We sent a bunch of award-related questions to all the winners from 2007 onwards who are returning this year. Here are their responses…

Bridget Christie (2013)

Before winning the Edinburgh Comedy Award, what was the best thing you had ever won?

A big orange and white elephant in a school raffle when I was four. I was so excited I ran up to get it, fell over and cut my knee open pretty badly. I still have the scar today. And the elephant, which is on my daughter’s bed. It’s nice to pass things down.
She’s not having my Edinburgh Comedy Award, though. I want that chucked onto my coffin as I’m lowered into the ground. It’s such a massive hunk of plastic it’ll make a really loud, awful thud. It’d be great if someone could also say ‘good riddance’ at the same time.

Of the other nominees on your shortlist, can you name one act you’d have been perfectly happy to see winning instead of you?

No. I can’t believe you’ve asked me that. What sort of a prick would single out one of their fellow nominees and then say why that person was better than all the others? We all gig together, you know. I now realise that other previous winners taking part may have answered this question properly, and now it looks like I’m calling them a prick. Never mind.
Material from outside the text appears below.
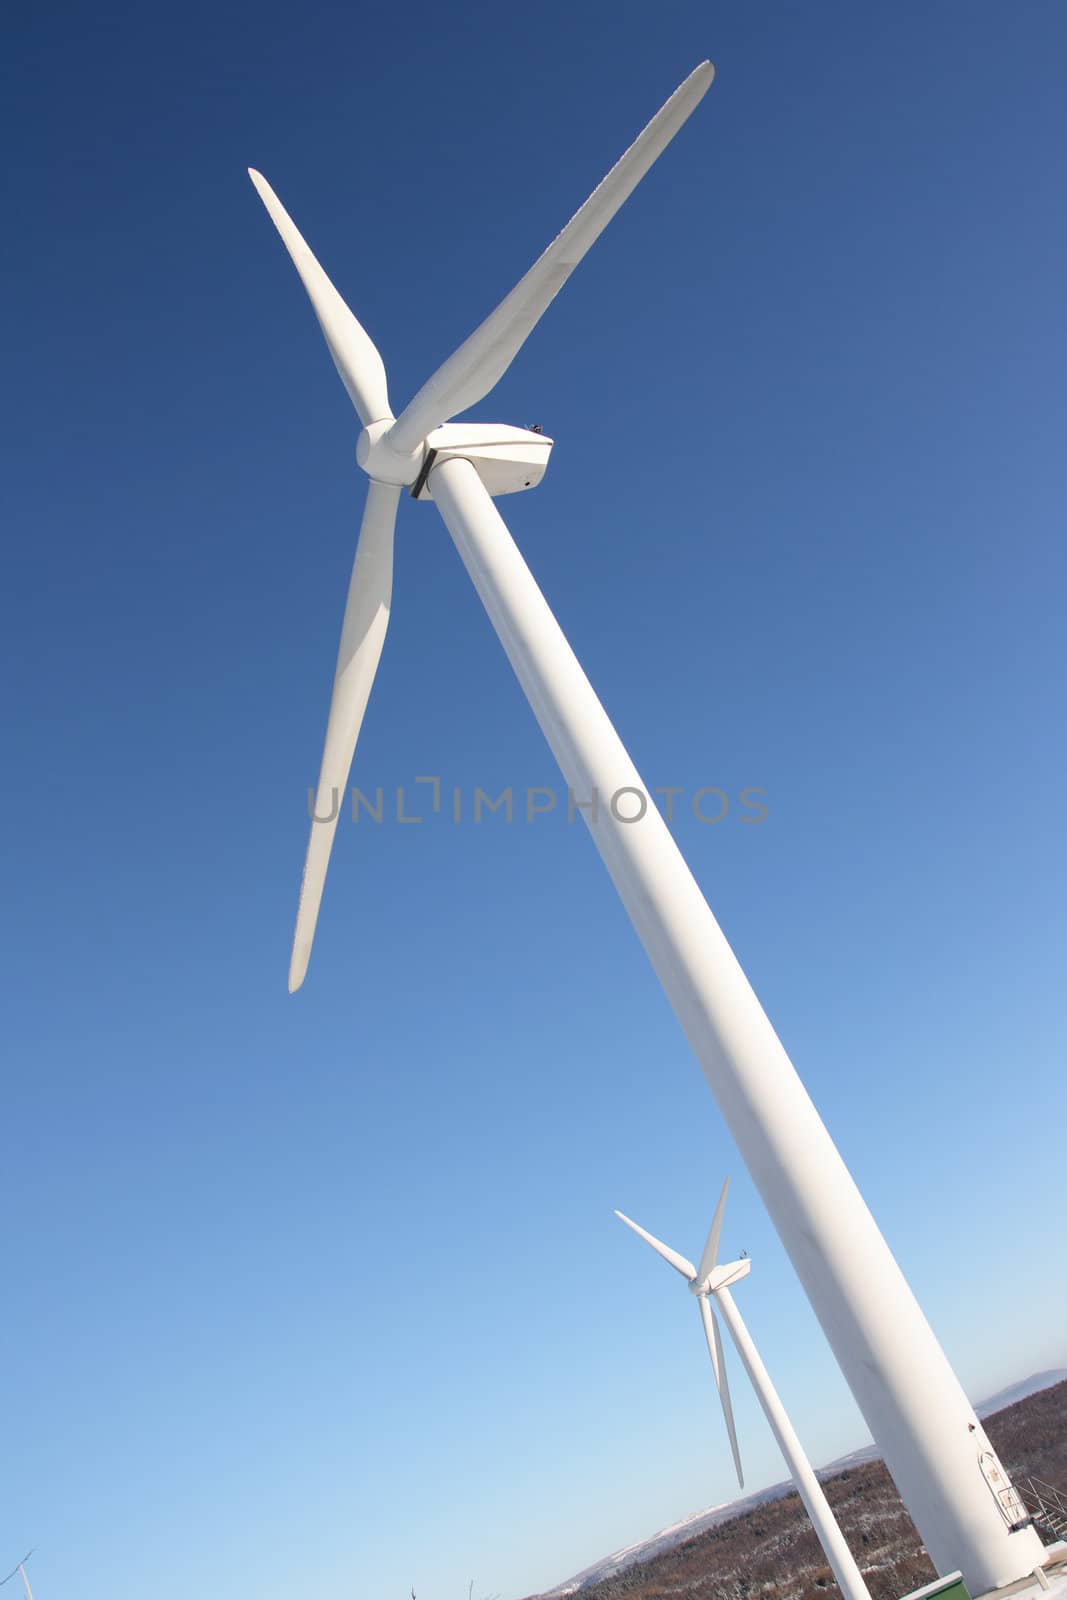 Single wind turbine in winter by Danicek

What was the first thought that came into your head when you heard your name being read out as the winner?

Most of us were stood at the back of the room together, looking down at the floor, so while I was pretty excited to hear my name, I felt bad for the others, too. Not in a patronising way; I just know what it feels like to be a MASSIVE SMELLY LOSER!!! Ha! Only joking guys. I was also wondering if my backpack would be OK on the floor by the boys, or whether I should bring it up with me in case one of them pissed on it. I was also dreading having my photo taken, which I find embarrassing.

Did you have a winner’s speech prepared and did you stick to it?

Yes I did, because I didn’t want to forget to thank someone important and also I didn’t want to drone on for ages about myself.

What do you remember most about the first show you did after getting the award?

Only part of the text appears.